**PROBLEM DESCRIPTION**
Each line from the one containing "Кругозор, газета. 2022 №11 стр.2" to the last line of the listing below is to be duplicated exactly, and no picture is to be carried over.

INPUT DATA section start

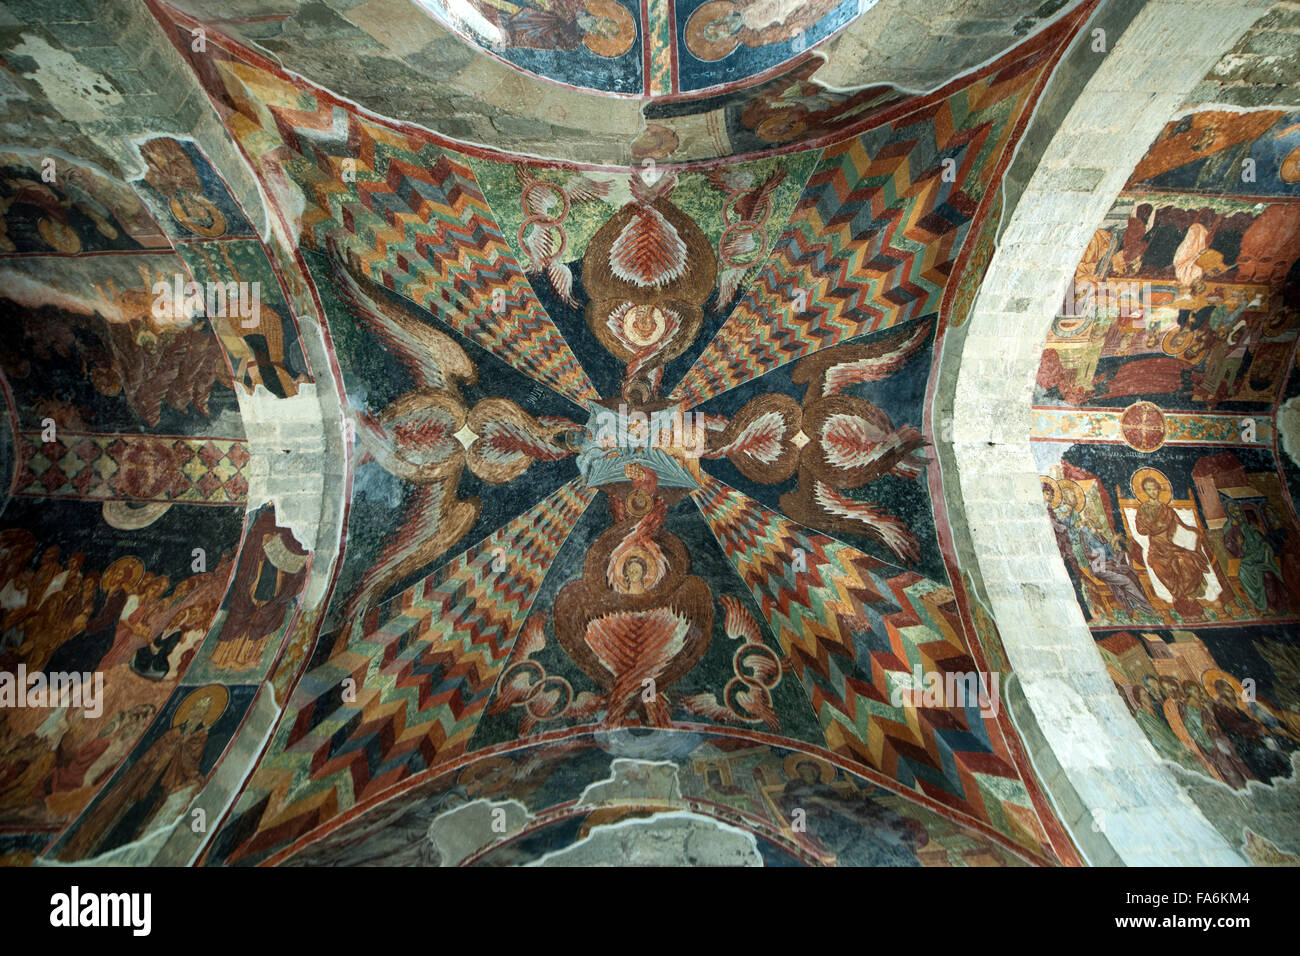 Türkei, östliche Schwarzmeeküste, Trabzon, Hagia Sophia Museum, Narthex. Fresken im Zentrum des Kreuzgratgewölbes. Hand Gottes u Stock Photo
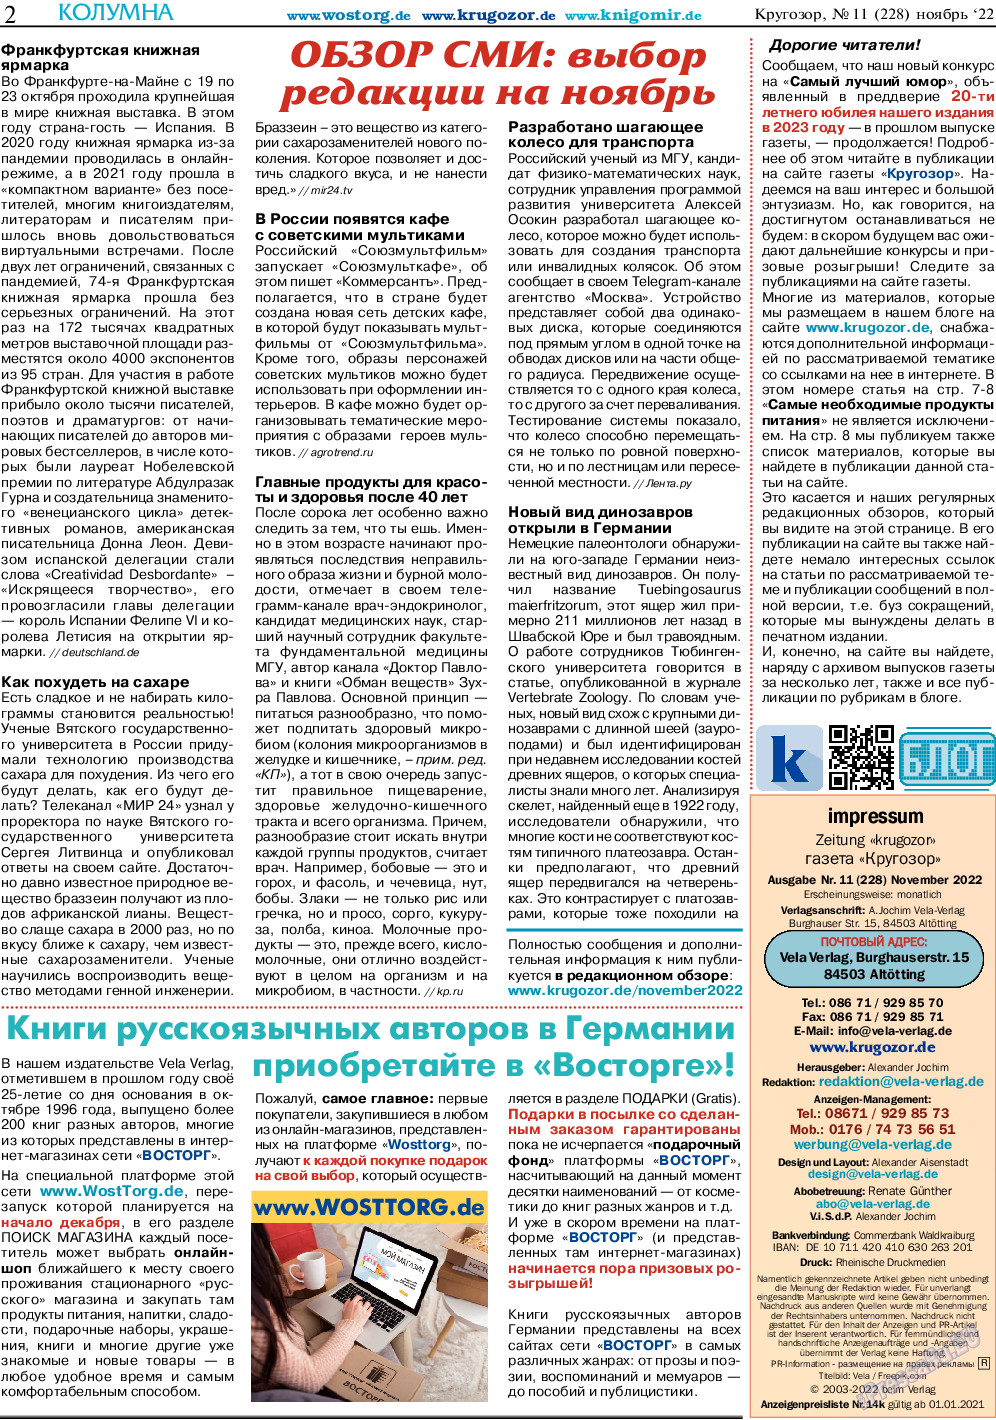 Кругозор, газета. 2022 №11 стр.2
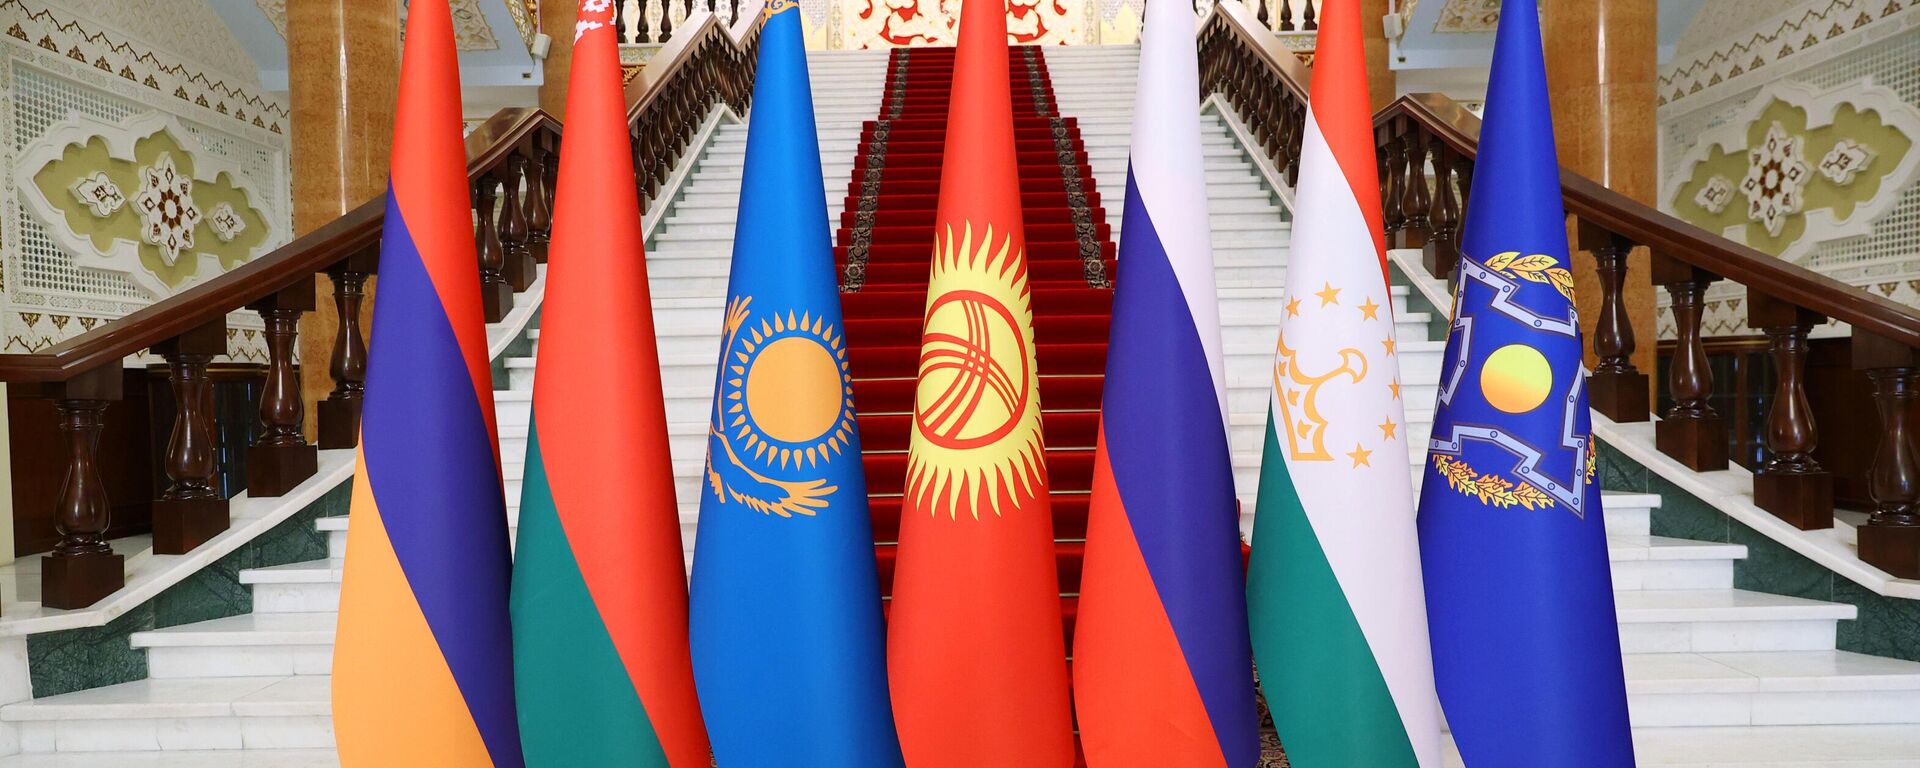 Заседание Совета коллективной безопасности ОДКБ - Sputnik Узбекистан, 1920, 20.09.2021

INPUT DATA section end

**YOUR SOLUTION**
 Кругозор, газета. 2022 №11 стр.2
 Заседание Совета коллективной безопасности ОДКБ - Sputnik Узбекистан, 1920, 20.09.2021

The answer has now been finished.